Barbara dan Harvey menghadang mobil yang dikendarai Azrael dan kedua rekannya. Barbara sempat hendak membunuh Azrael, namun Batman yang tiba di TKP segera menghentikannya. Azrael terlihat menendang punggung Barbara sebelum akhirnya dikonfrontir oleh Batman. Kendati demikian, untuk kali ini Azrael berhasil melumpuhkan Batman dan kabur bersama dengan salah seorang rekannya.

Sementara itu, angota GTO yang menyusul ke TKP mencoba menenangkan Harvey yang baru saja membunuh seorang rekan Azrael dengan sadis. Dick berteriak memanggil nama Barbara. Tanpa ia duga, yang muncul adalah Batman, yang menggendong tubuh Barbara dengan wajah terlihat sedih.


Gak bisa berkata-kata lagi sih. Empat jempol bener-bener gak cukup buat Sean Murphy. Saat edisi sebelumnya terasa sudah klimaks dan bikin syok, edisi ini malah terasa lebih intens lagi. Apalagi di penghujung halaman, dimana sepertinya Batgirl a.k.a Barbara Gordon bakalan lumpuh dan bertransformasi menjadi Oracle seperti yang digariskan di cannon (cerita utama).

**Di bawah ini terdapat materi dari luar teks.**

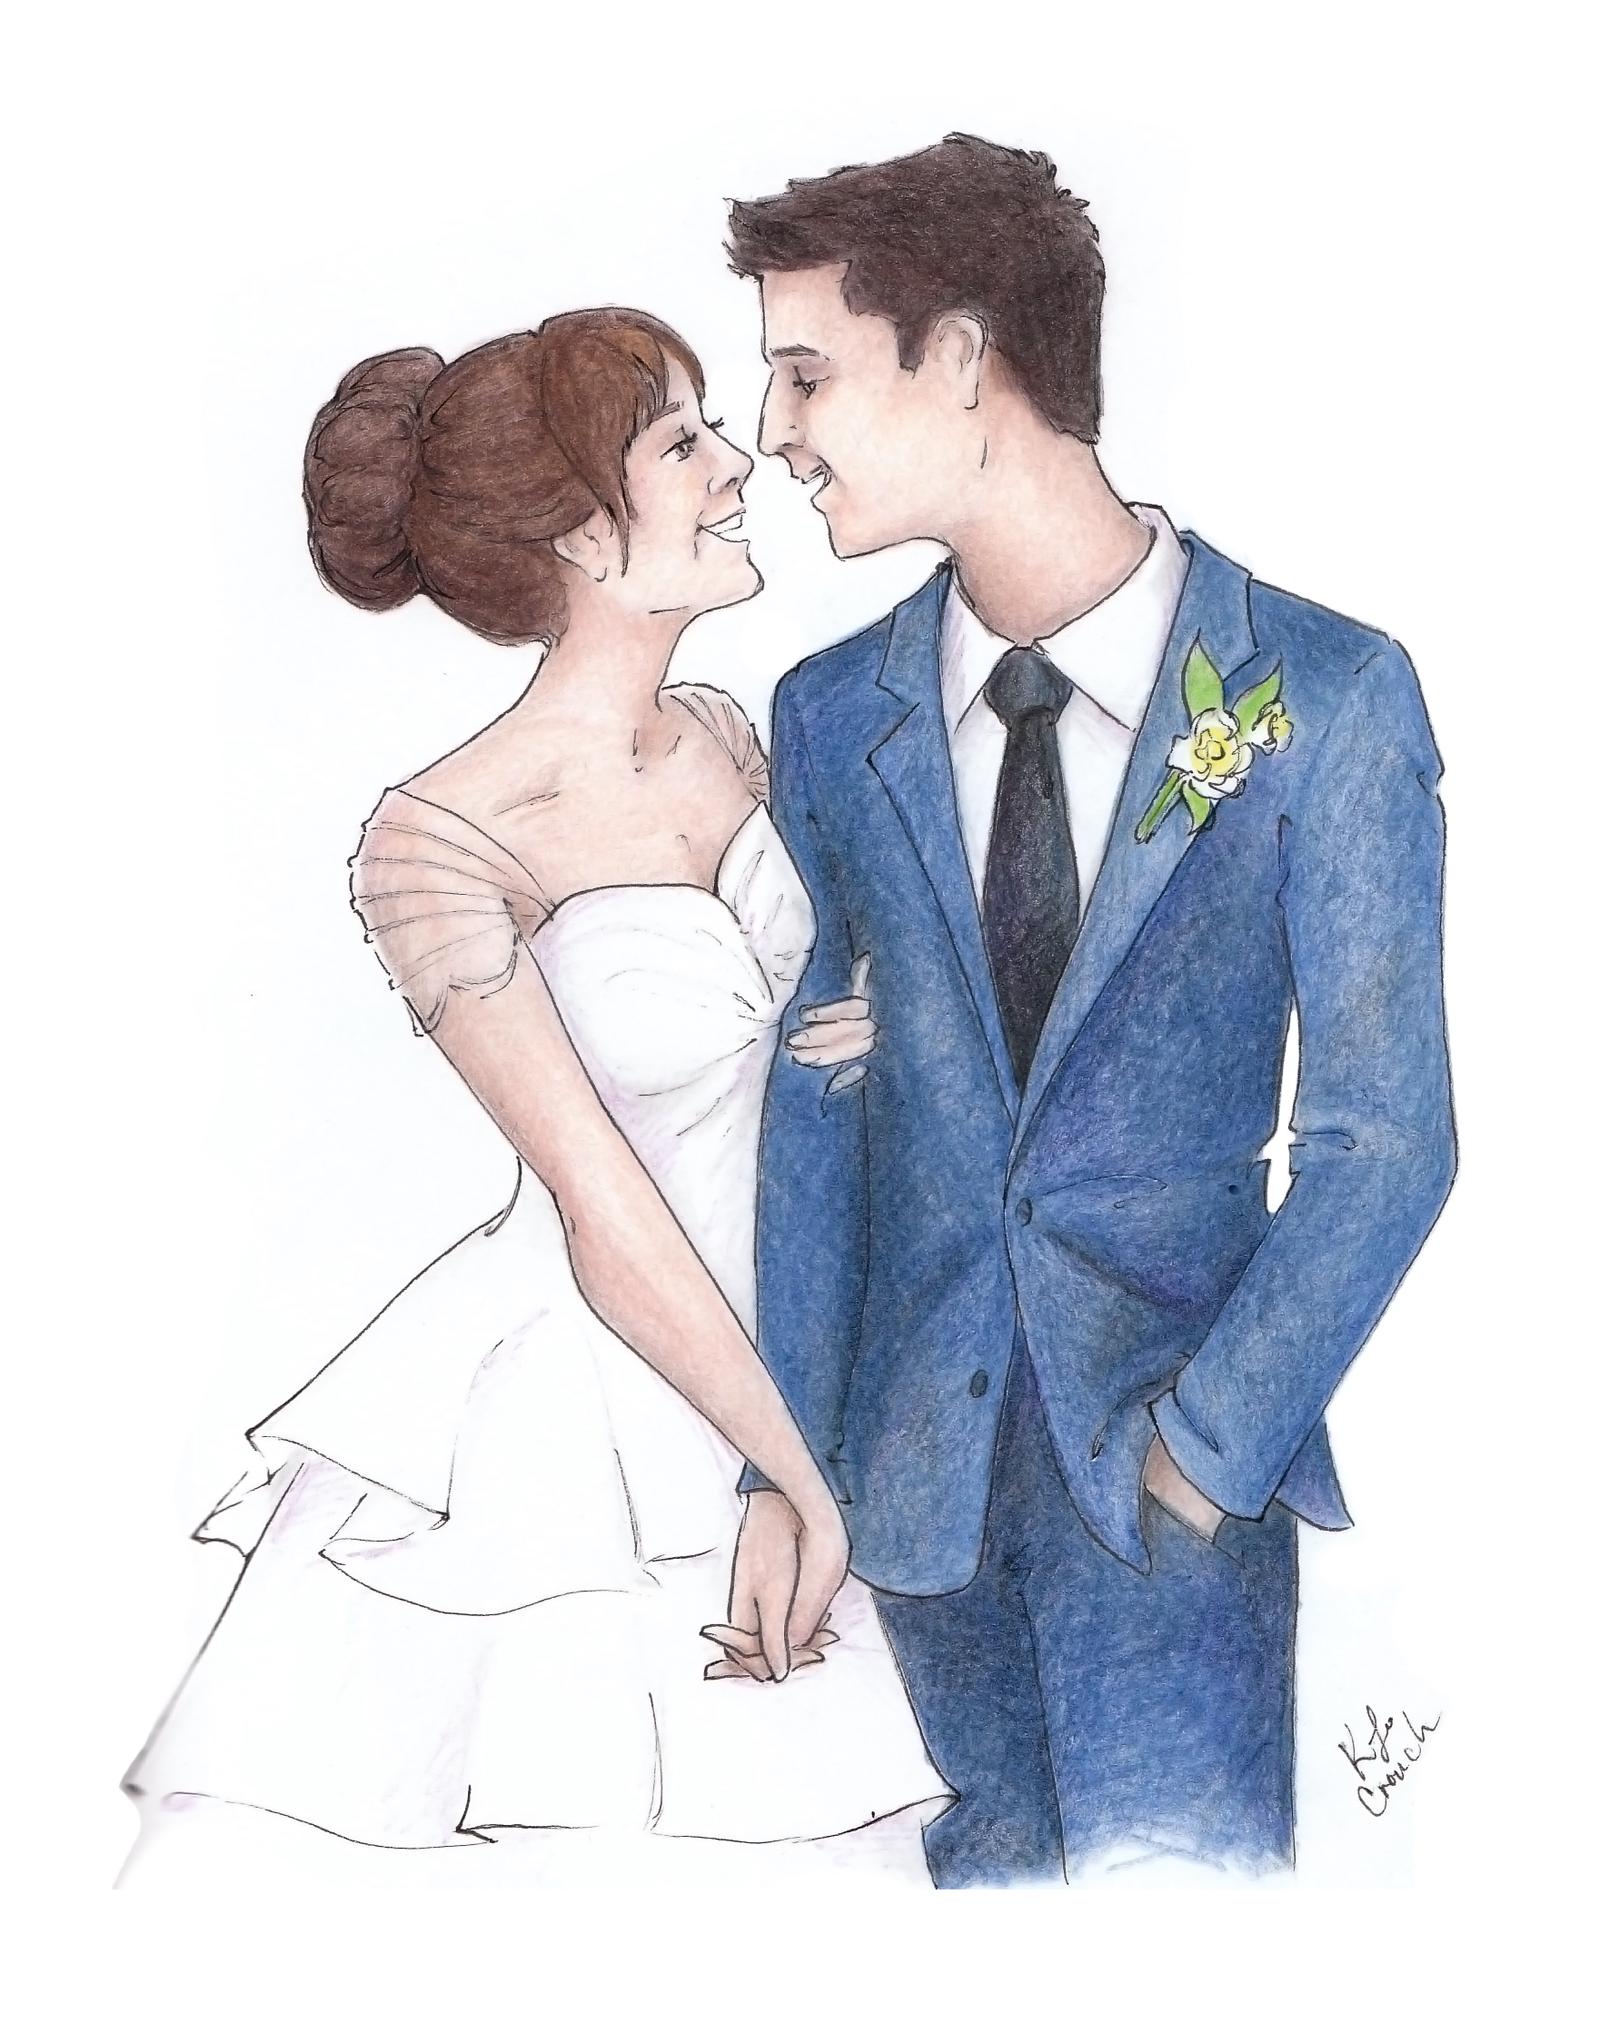 Custom watercolor bridal portrait. Fine art bridal portrait for a unique anniversary gift. #customportrait #portraitillustration #blusheddesign #watercolorportrait

Kehadiran Jason Blood (Etrigan The Demon) sebagai sosok yang memberikan jurnal Edmund Wayne pada Alfred dan Leslie merupakan kejutan yang sekaligus menimbulkan misteri baru. Akankah perannya hanya sebatas itu? Atau mungkin akan eksis lagi di edisi-edisi berikutnya? Atau malah di sekuel berikutnya (jika ada)?

Hadirnya bayi kembar Harley Quinn juga akhirnya mengingatkan saya pada karakter Duela Dent yang merupakan putri dari Joker dengan Harley Quinn dari jagat cerita yang lain. Akankah dia salah satu dari bayi kembar tersebut? Duh, asli gak sabar banget pengen baca kelanjutan ceritanya, hehehe.